(TASK DETAILS) From top to bottom, return the listing exactly as it appears, omitting its images.

DATA PROVIDED below:

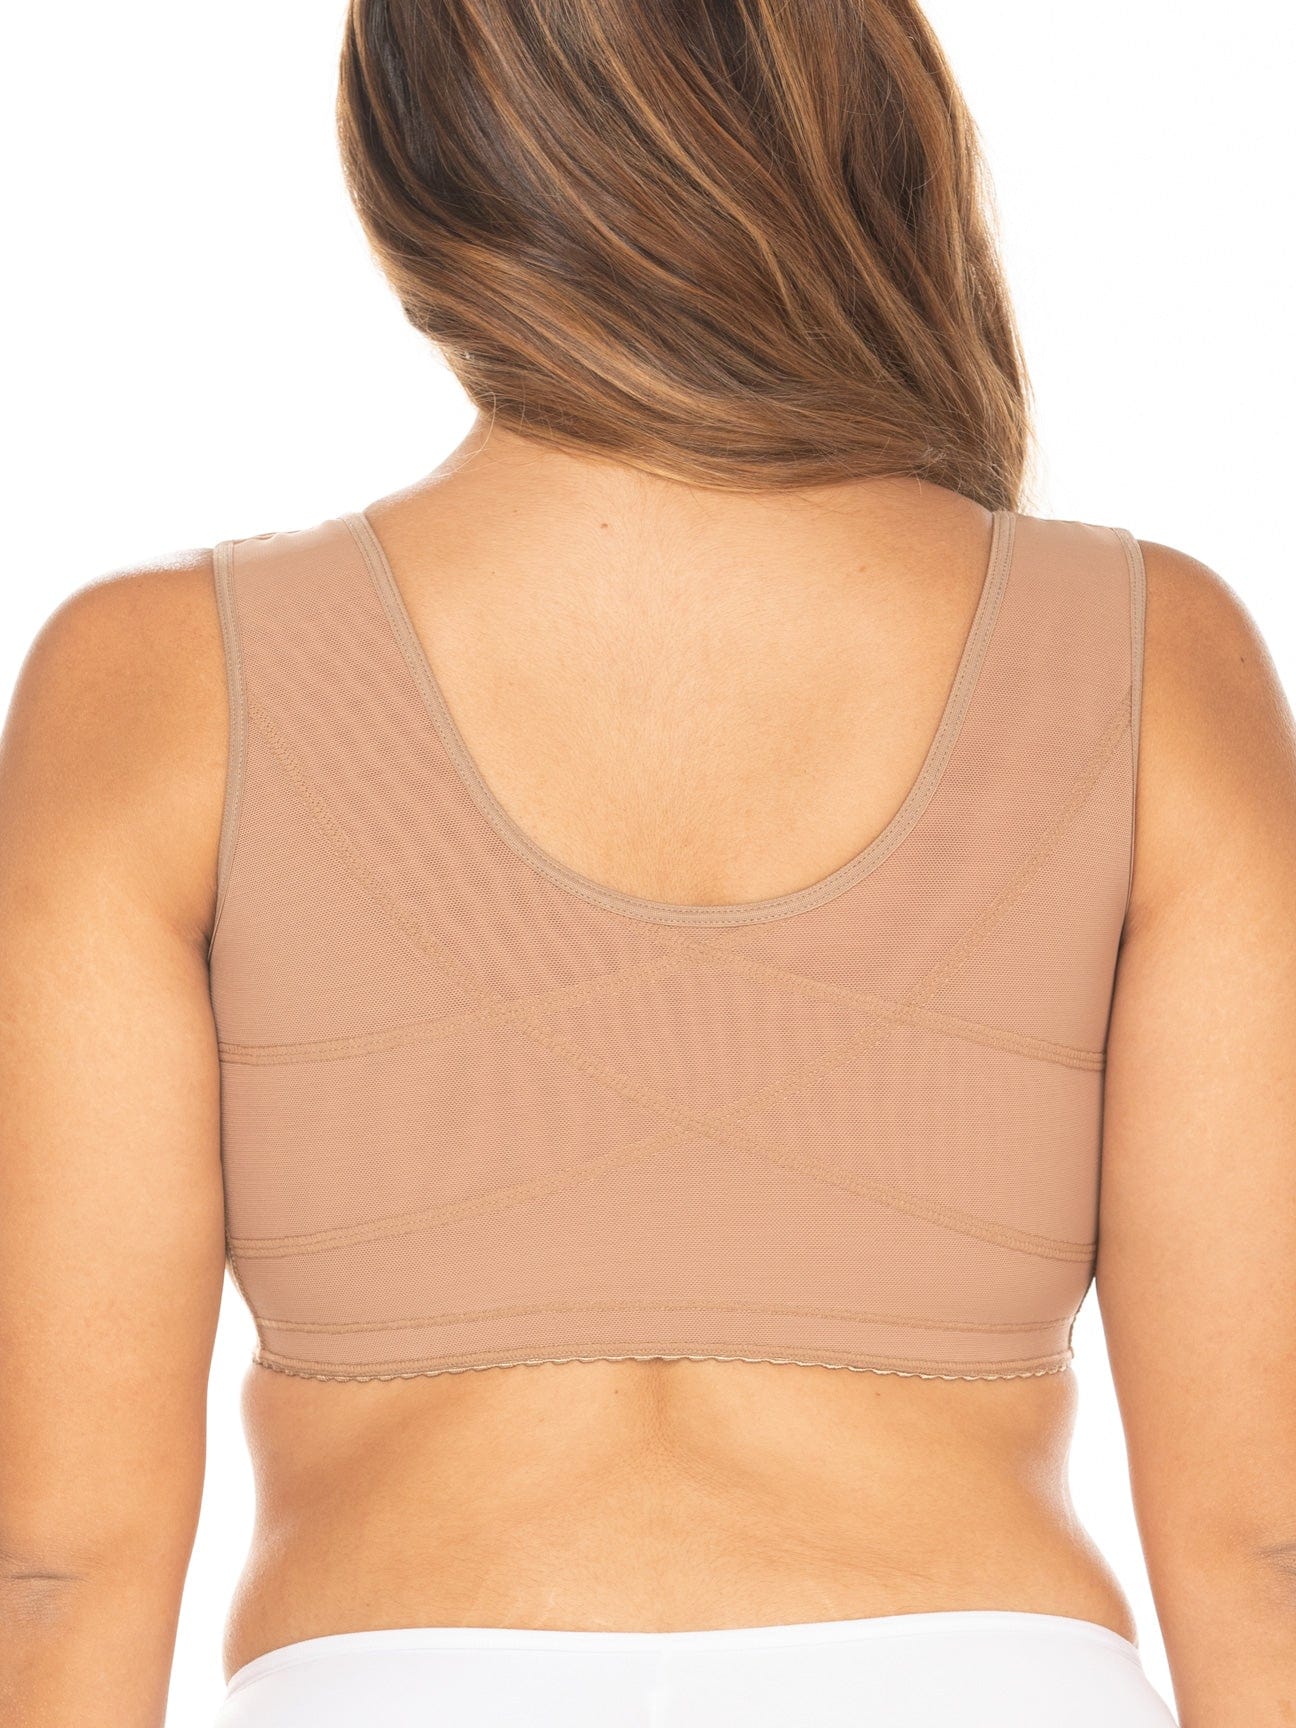 Back view of the beige shapewear bra.
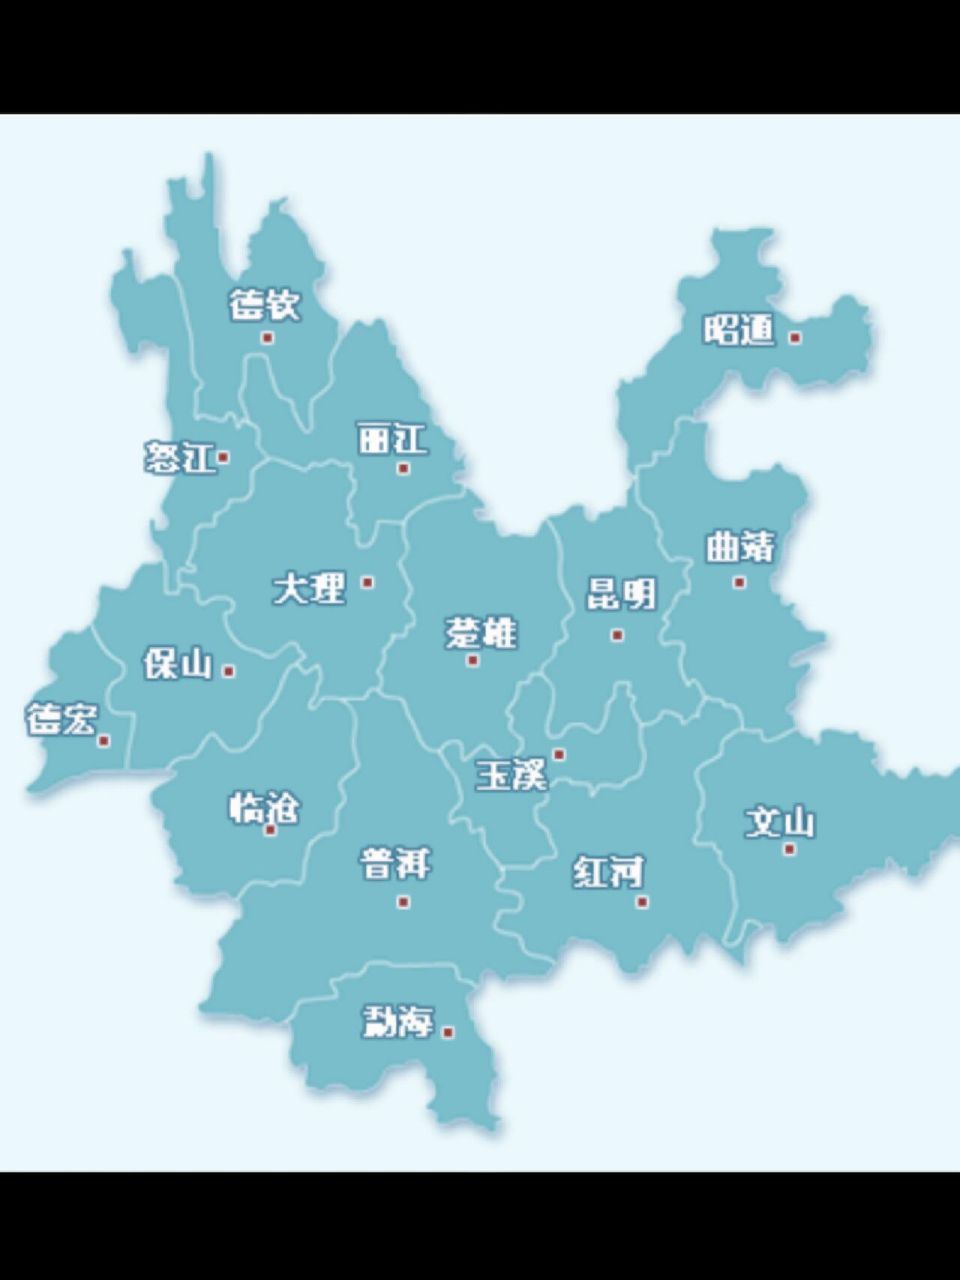 云南的城市区划分布一览
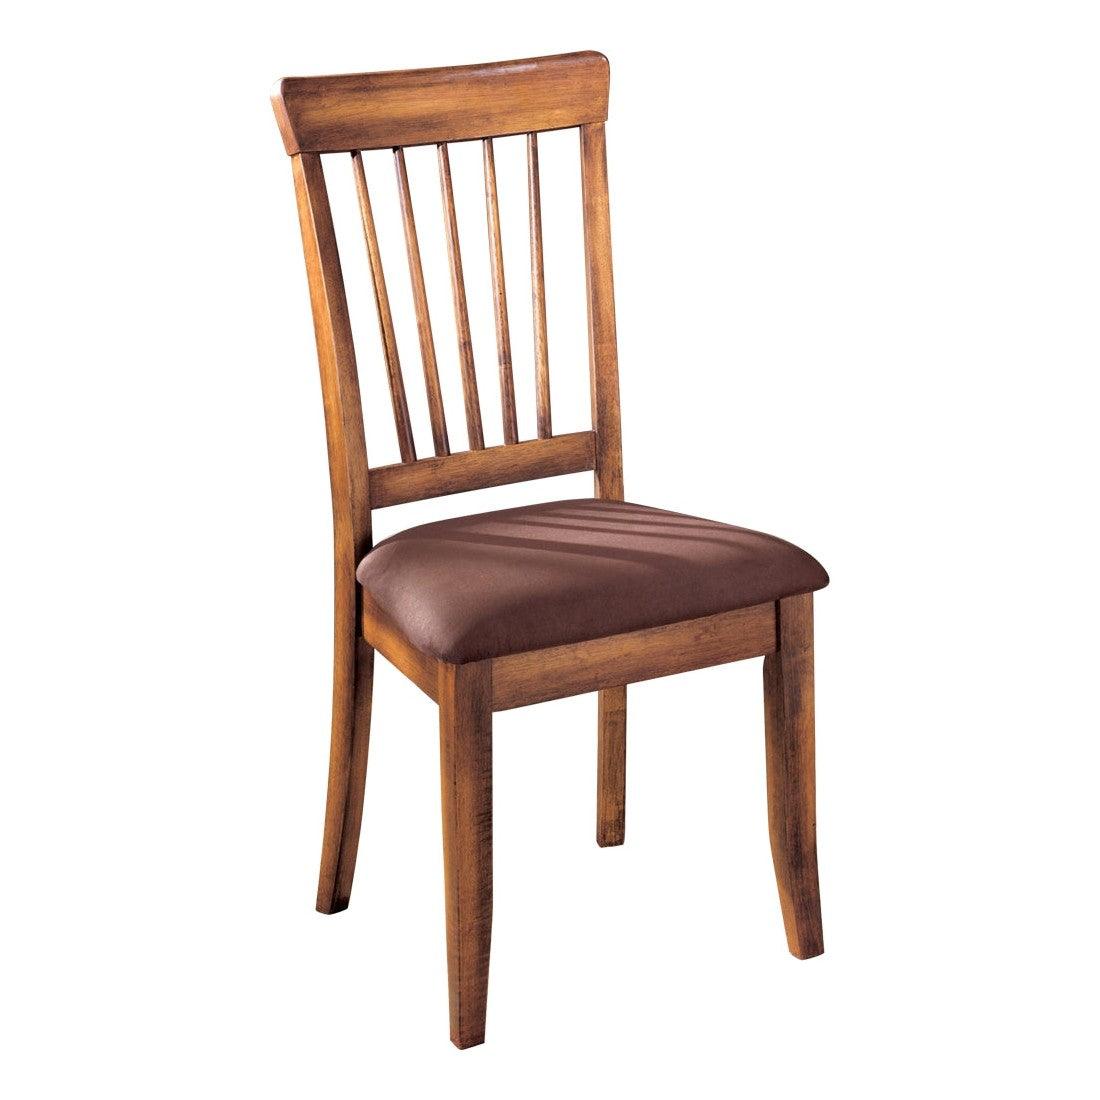 Berringer Dining Chair Ash-D199-01

End of DATA PROVIDED.

(TASK SOLUTION)
 Back view of the beige shapewear bra.
 云南的城市区划分布一览
 Berringer Dining Chair Ash-D199-01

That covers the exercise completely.